- 1 pound dried pasta (we recommend small shells or elbow macaroni)
- Scant 4 cups water
- 4 tablespoons butter, cut into chunks
- 2 teaspoons ground mustard
- 2 teaspoons salt
- 1 teaspoon garlic powder
- 1/2 teaspoon onion powder or minced dried onion
- 4 ounces cream cheese, cut into cubes
- 1 cup milk or half-and-half
- 4 cups (12 to 16 ounces) shredded Roth Havarti cheese (we used a blend of Original, Jalapeño, Horseradish and Chipotle)
- Fresh parsley, for garnish
- Add dry pasta, water, butter, ground mustard, salt, garlic powder and onion powder to the bowl of the Instant Pot.

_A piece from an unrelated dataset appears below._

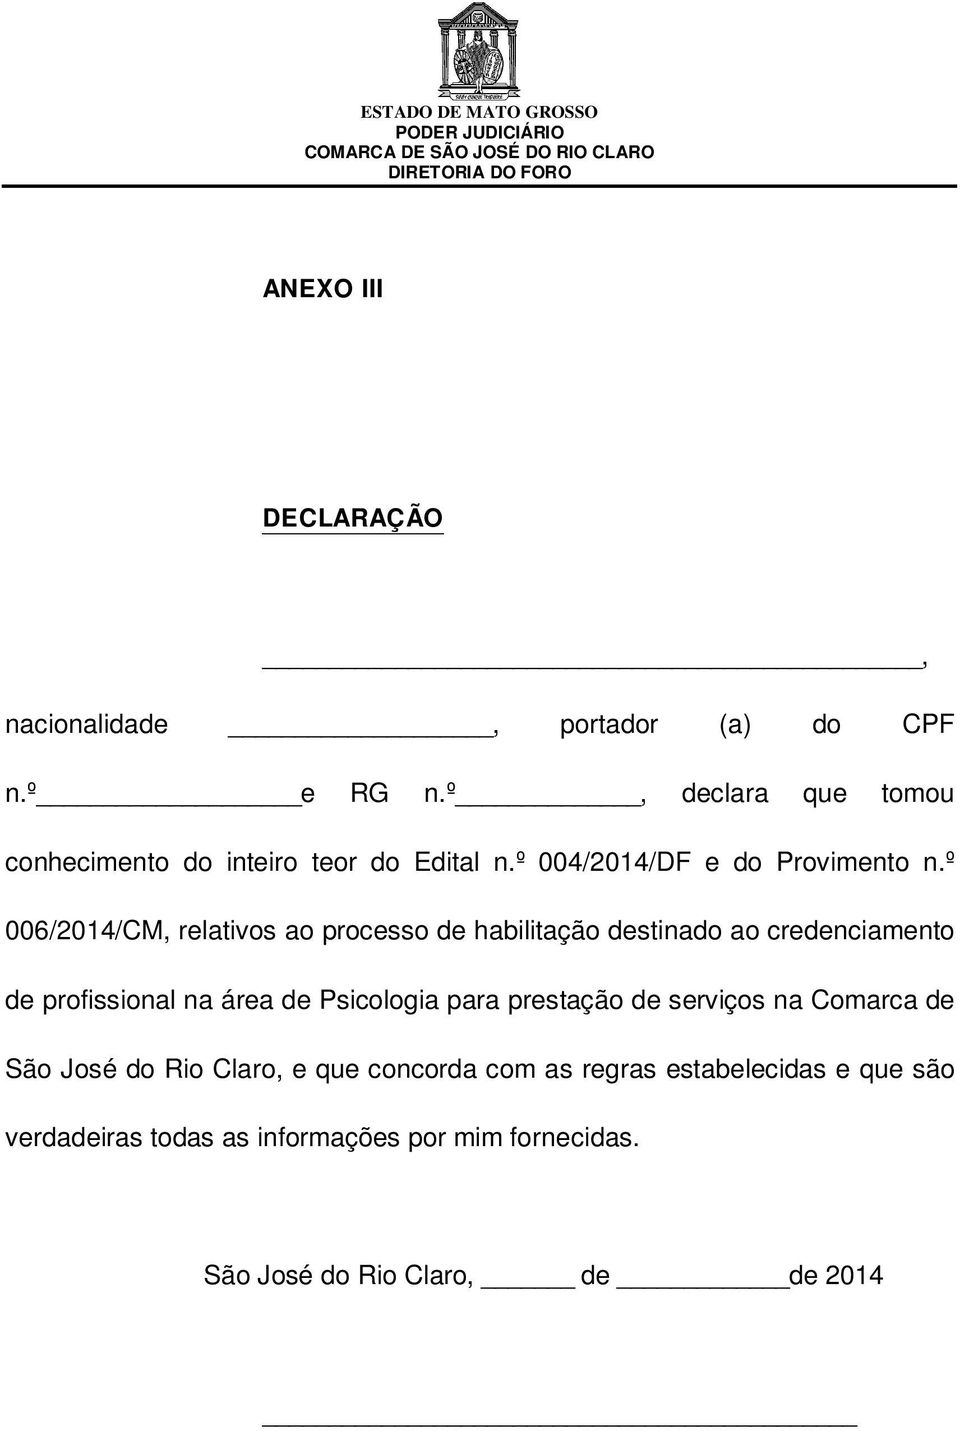 º 006/2014/CM, relativos ao processo de habilitação destinado ao credenciamento de profissional na área de Psicologia

Secure the lid.
- Set timer for 4 minutes on HIGH pressure. Ensure valve is set to SEALING. It can take up to 10 minutes for the Instant Pot to come to pressure.
- Release the pressure by flipping the valve to VENTING. Let pressure release for at least 2 to 3 minutes until no more steam is coming out.
- Open the lid, and add cream cheese and milk. Stir until melted and combined. Add Havarti cheese one handful at a time, stirring between each addition to ensure cheese is melted and consistency is creamy. Mac and cheese will thicken upon standing. Serve immediately.